Discussions found on the web:
  1. pete Preissle commented on Feb 6

    Barry’s not quite the Lone Ranger on inflation. At the very least, Gary Kaltbaum and Donald Luskin have been preaching the same sermon. I agree with them…but then, who am I?

  2. DJ commented on Feb 6

    Barry, I disagree with your take on inflation. CPI registered at 3.3% in 2005, which is not insignificant. But the larger increases (and the specific items you mention) are largely input prices and asset prices. For the most part companies have not been able to pass higher prices to consumers, hence inflation is downplayed and rightly so.

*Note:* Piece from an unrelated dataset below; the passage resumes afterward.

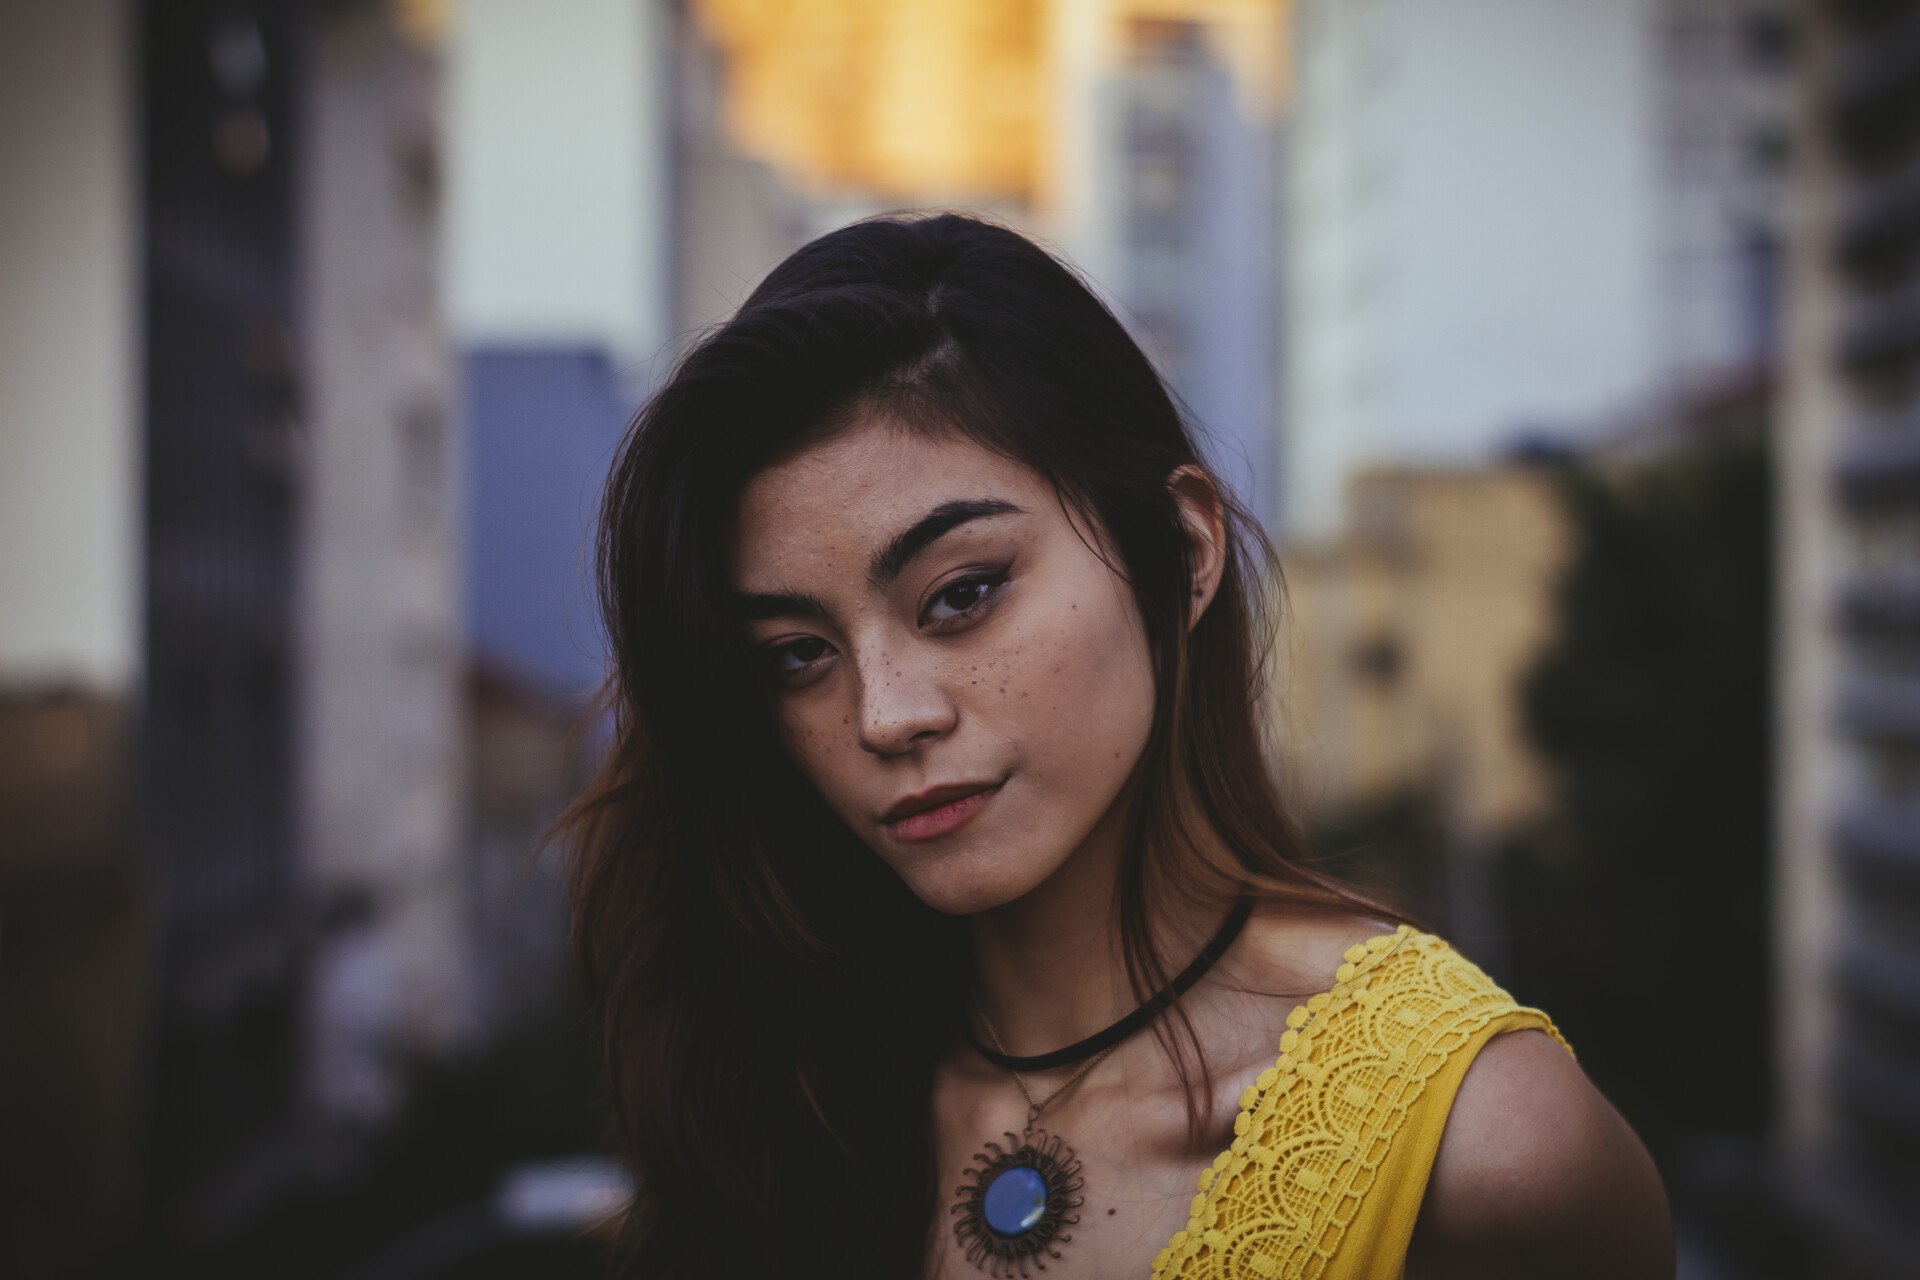 What Makes Filipino Girls So Beautiful?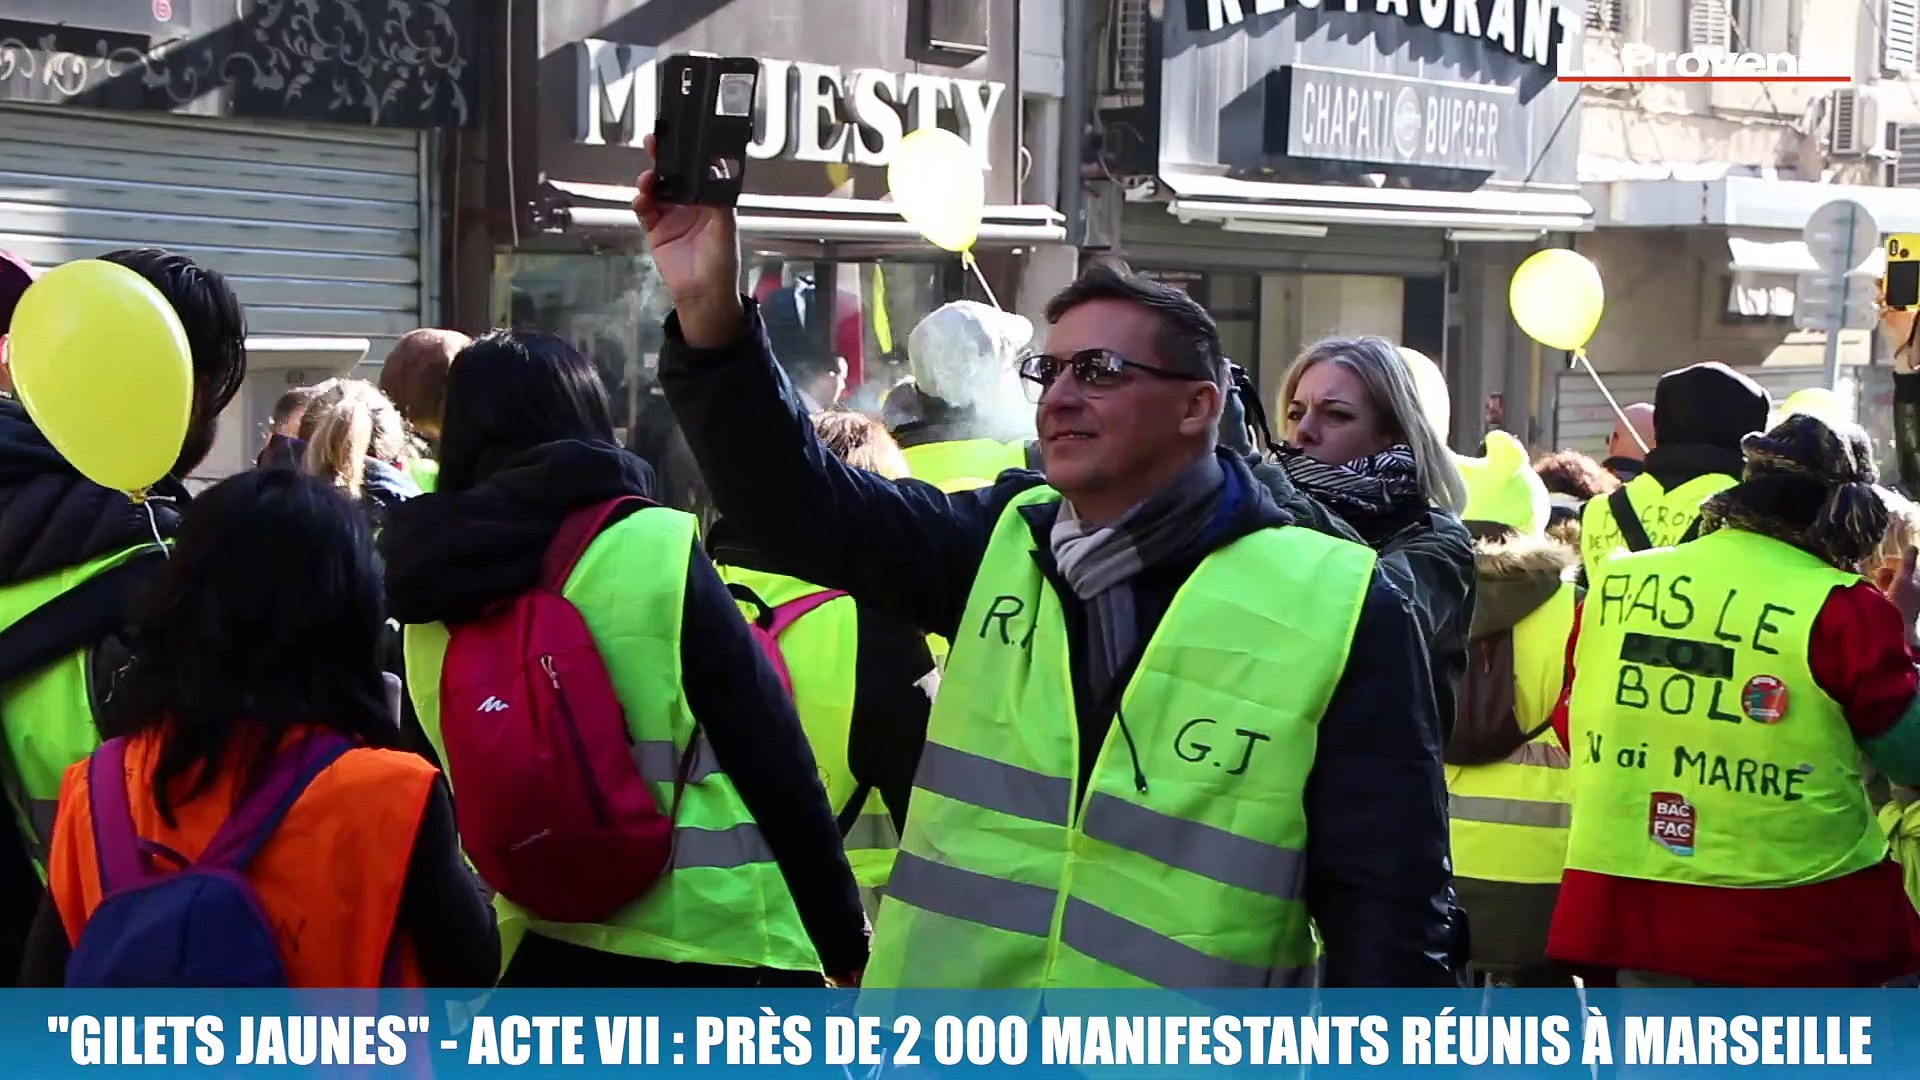 Gilets jaunes - Acte VII : près de 2 000 manifestants réunis à Marseille -  Vidéo Dailymotion

    There is significant asset inflation in gold, housing, and bonds – but that is due to wealth consolidation and is correctly excluded from consumer inflation. Cost-push inflation is usually a myth. Common sense will tell you consumer inflation is unlikely with stagnant wages.

  3. BOPnews commented on Feb 6

    Stimulus compared in two economic cycles.

    Barry argues that the economy didn’t get going until the Fed got serious. The inflationary point of “core” CPI should be killed dead by a simple graph, which we hereby reprint: Note how sustained spikes of CPI over CPI core…

  4. Dru Nelson commented on Feb 6

    So how do we hedge inflation? Especially since the government bonds that hedge are using an understated rate of inflation (over long periods).

  5. Greg commented on Feb 6

    Disturbing fact: BLS appears to use hypothetical survey data, not actual data, to calculate imputed rent, the largest single component of CPI.
    From http://www.bls.gov/cpi/cpifact6.htm:

    “However, the expenditure weight in the CPI for rental equivalence is obtained by directly asking sampled owner households the following question:

    If someone were to rent your home today, how much do you think it would rent for monthly, unfurnished and without utilities?”

    I think that there is a profound bias towards underestimating this hypothetical rent. When answering, I suspect many homeowners think in terms of covering their mortgage payment (a primitive and erroneous cash flow criterion), regardless of whether their equity is 10% or 50% of the home’s market value.

  6. DJ commented on Feb 6

    What did I buy – certainly not TIPS.

  7. quietpc3400 commented on Feb 7

    I think it was HL Mencken who said (approximately) “It’s impossible to make someone understand something they’re being paid not to”.

    Obviously the parallel here is that Kudlow and the other biz talk kewl kids are paid to tout (or have such a large personal/political stake in touting) a ‘market’s going up forever, no inflation here’ narrative and willfully ignore anything contrary. I’ve noticed over the last year or so that it’s much easier to make money by simply betting against obvious lies and/or stupidity that makes up 70% or so of the “conventional wisdom” than it is to find smart plays on one’s own, e.g. bets on commodities, ‘hidden’ high inflation, against the dollar, and bets opposite CNBC stock touts that are obviously talking their book, vs. trying to find 5-baggers on my own.

  8. Greg commented on Feb 7

    To DJ:
    3.42% YOY a/o Dec. 2005 per BLS, not your “3.3%”.
    Perhaps your low inflation stance explains you lowballing this fact?
    http://data.bls.gov/cgi-bin/surveymost

    Separately, would you agree that since hedonics are in BLS *practice* only used to diminish reported CPI, that’s a bias on their part? E.g., BLS makes no effort to hedonically adjust for reductions in customer service, which are just as measurable as a new DVD recorder feature.

  9. DJ commented on Feb 7

    My point isn’t about the accuracy of CPI, it is that I believe Barry is using an incorrect definition of consumer inflation. He is lumping in producer prices and asset prices. I believe, once housing really cools off, we’ll be fighting deflation as consumers check out completely.

  10. Robert commented on Feb 7

    Inflation without an increase in wages can only be temporary … ones HELOC will eventually be maxed out.

  11. Dru Nelson commented on Feb 7

    Robert,

    Not unless you are exporting jobs.